Dr Boon prescribed more steroids for Blackie and increased the dosage by 50%, from 1 tablet a day to 1.5 tablets a day. My mum feeds Blackie her medicine faithfully and coaxes her to eat by letting Blackie eat out of her hand and mixing her food with medicine.

We've spent $250 at the vet for this and the last visit. My mum and I took turns paying. I'll be bringing her back to the vet when I return to Singapore from Amsterdam. I bought some snacks for Blackie too. She has been sleeping in every night.

Oh and by the way, Dr Boon said that if Blackie is really 20 years old she's doing very well for a 20 year old dog. 1 dog year is 7 human years, she told me. She also said that Blackie seemed to know when we were done better than us, she got up just before the exact moment Dr Boon and this Boon ended their conversation. I responded that Blackie was a very smart dog, recalling how many times CC and I failed to trick her and instead have her trick us. For the second time, uncontrollably, I felt very proud of Blackie. The first time was when a very sweet looking girl thanked me for letting her pat Blackie.

Other things that happened at the vet's:
I saw a cat being hooked up to what I presumed was life support. A man chanted from a book and seemed to be performing Buddhist/Taoist last rites. I saw Buddhist monk pictures on the bed where the cat was lying on. My sense of the absurd was tempered by my respect for another's grief. I asked myself why it was so absurd to see last rites being performed for animals but not for humans. We don't think animals like cats have an afterlife. But many believe that humans have some kind of afterlife. But if we are animals too (this seems true to me), like cats, and only different in degree but not in kind, then why should we be so privileged to be the only ones among animals to have an afterlife? On the other hand, saying that all animals have an afterlife seems a bit too much. A human corpse seems not much different from an animal carcass.
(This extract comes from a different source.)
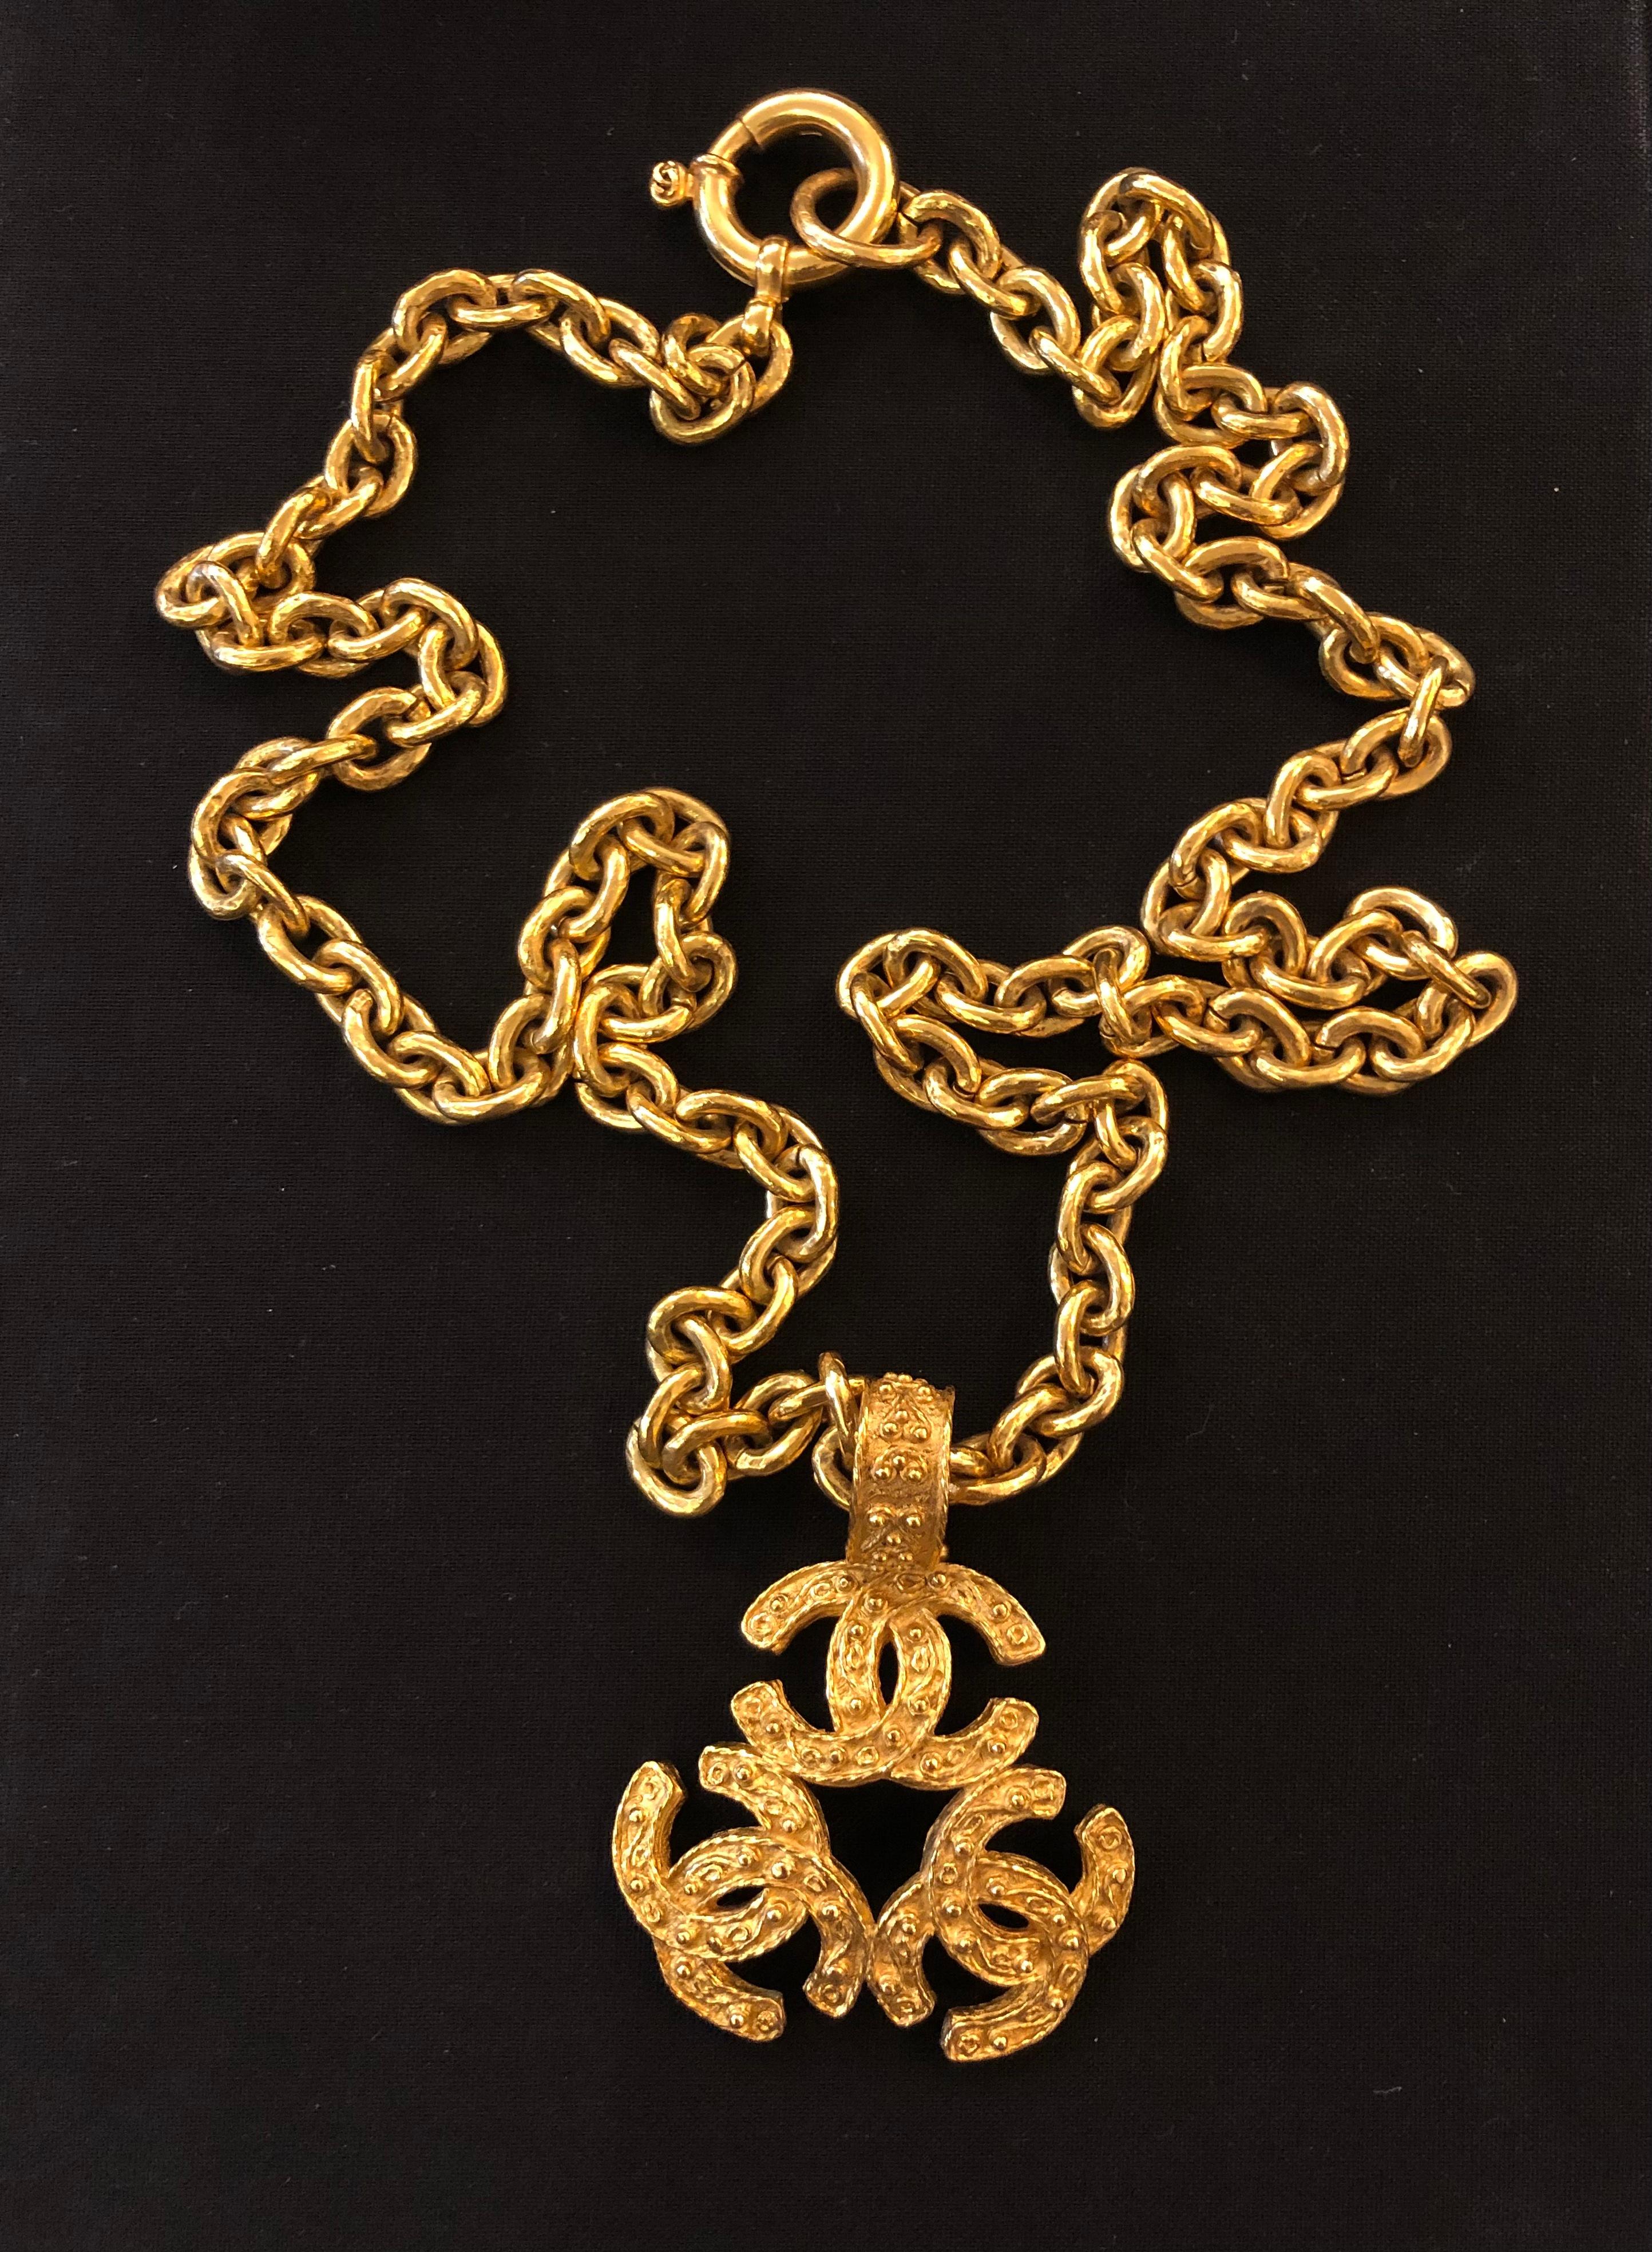 1994 Chanel gold toned chain long necklace featuring a sturdy gold toned chain and a triple textured CC charm. Stamp CHANEL 94A made in France. Measures 88 cm (34.5 inches) Charm 6.7 x 5.0 cm. Spring ring fastening. Comes with box.

Condition: Minor

While taking Blackie to the X-ray room, I also saw a couple grieving over their pet. It's terribly disturbing and sad. I dislike this experience: grieving over the parting from an animal you have grown attached to. I was also reminded of my last pet, which always makes me feel guilty for not doing enough and not doing what should be done. Still, I try not to be affected by the grieving couple because their experience was not mine. All this while Blackie seemed oblivious to the grief around her and was sniffing excitedly at the bags of food on the floor.